Specializes in Emergency.
i am an ed nurse we care for all kinds of pts.sometimes we don't even know the pt should be on precautions.the nursing homes don't always give us appropriate info.but i don't admit the pt the ed dr does.the ed dr puts diagnosis and type of floor for admit after he has talked to admit /accepting dr.it is the nursing supervisor who assigns where the pt gets admitted to.if the floor has an issue it is the supervisor they need to call .if the pt should be in neg pressure room but is not in one on your floor then file incident report tlk to supervisor call your manager at home go up the ladder talk to chief of medicine call id report to osha call your union if you have one .but stop blaming the ed we don't pick the floor /room .its not in our control .we have to move the pts .there are always more people who need our room.

I really dont see ANYTHING in the original post that is Blaming the ED. I worked my last shift in an ED in April 2012. (So I'm not that out of the loop yet). While we might not have known about precautions for meningitis, or the flu, the Tb screen that is usually done in the ED should let you know that pt needs precautions...no need for a physician to tell you. I totally understand the need to move pts, but we also need to DO THE RIGHT THING for the patients...when we fail to do the right thing, just to move bodies...we often end up creating more work for everyone in the process.
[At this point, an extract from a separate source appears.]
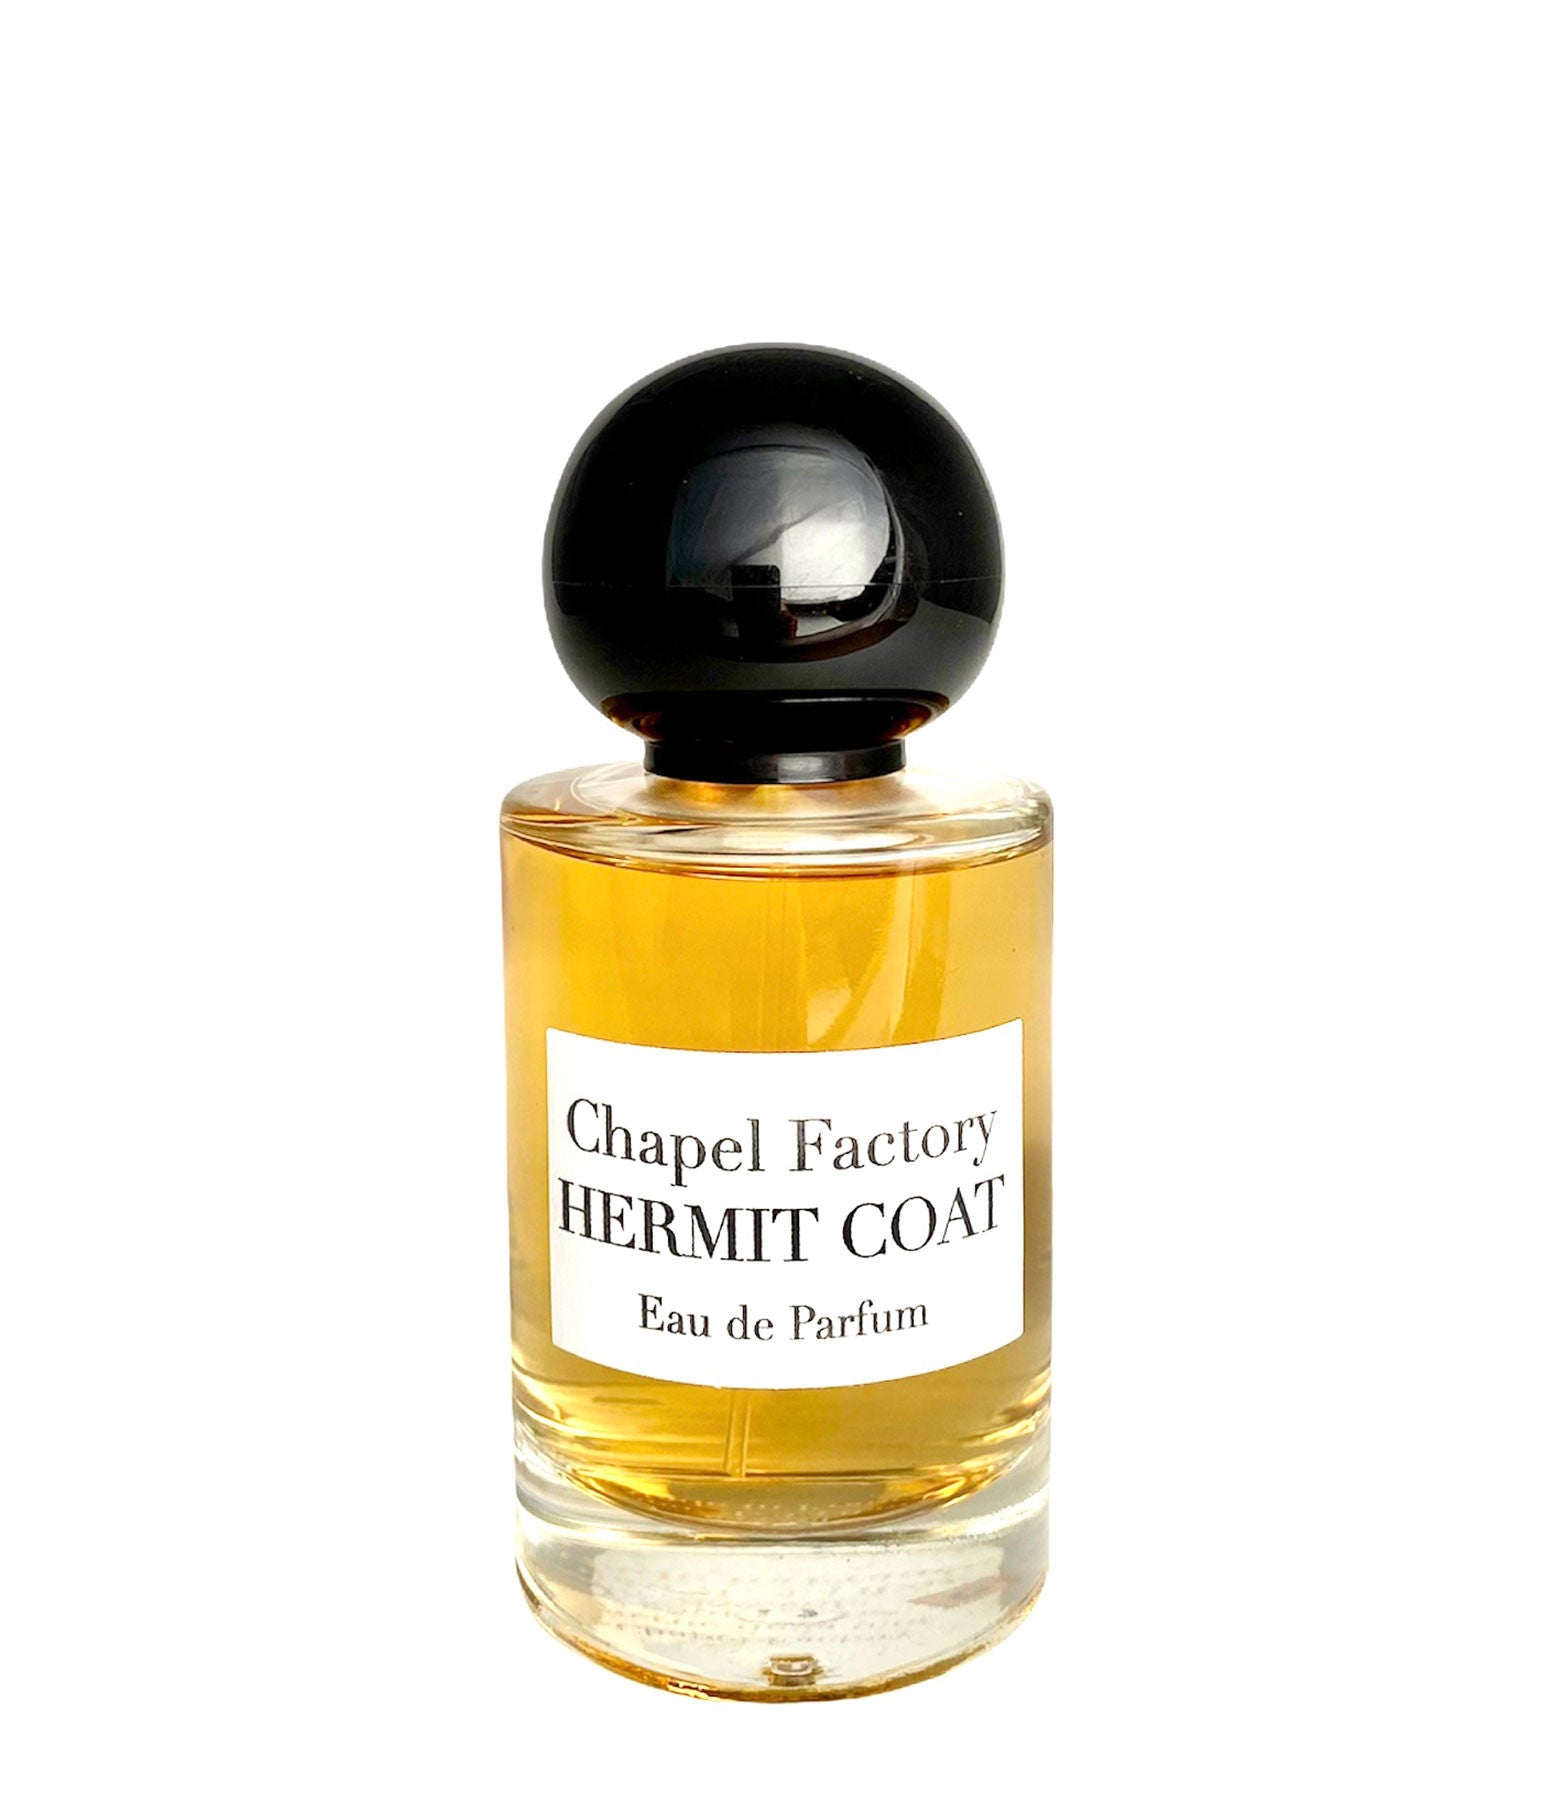 Chapel Factory - Eau De Parfum Hermit Coat

Not only right for the patient, but right for the staff and community!

I really dont see ANYTHING in the original post that is Blaming the ED. I worked my last shift in an ED in April 2012. (So I'm not that out of the loop yet). While we might not have known about precautions for meningitis, or the flu, the Tb screen that is usually done in the ED should let you know that pt needs precautions...no need for a physician to tell you. I totally understand the need to move pts, but we also need to DO THE RIGHT THING for the patients...when we fail to do the right thing, just to move bodies...we often end up creating more work for everyone in the process.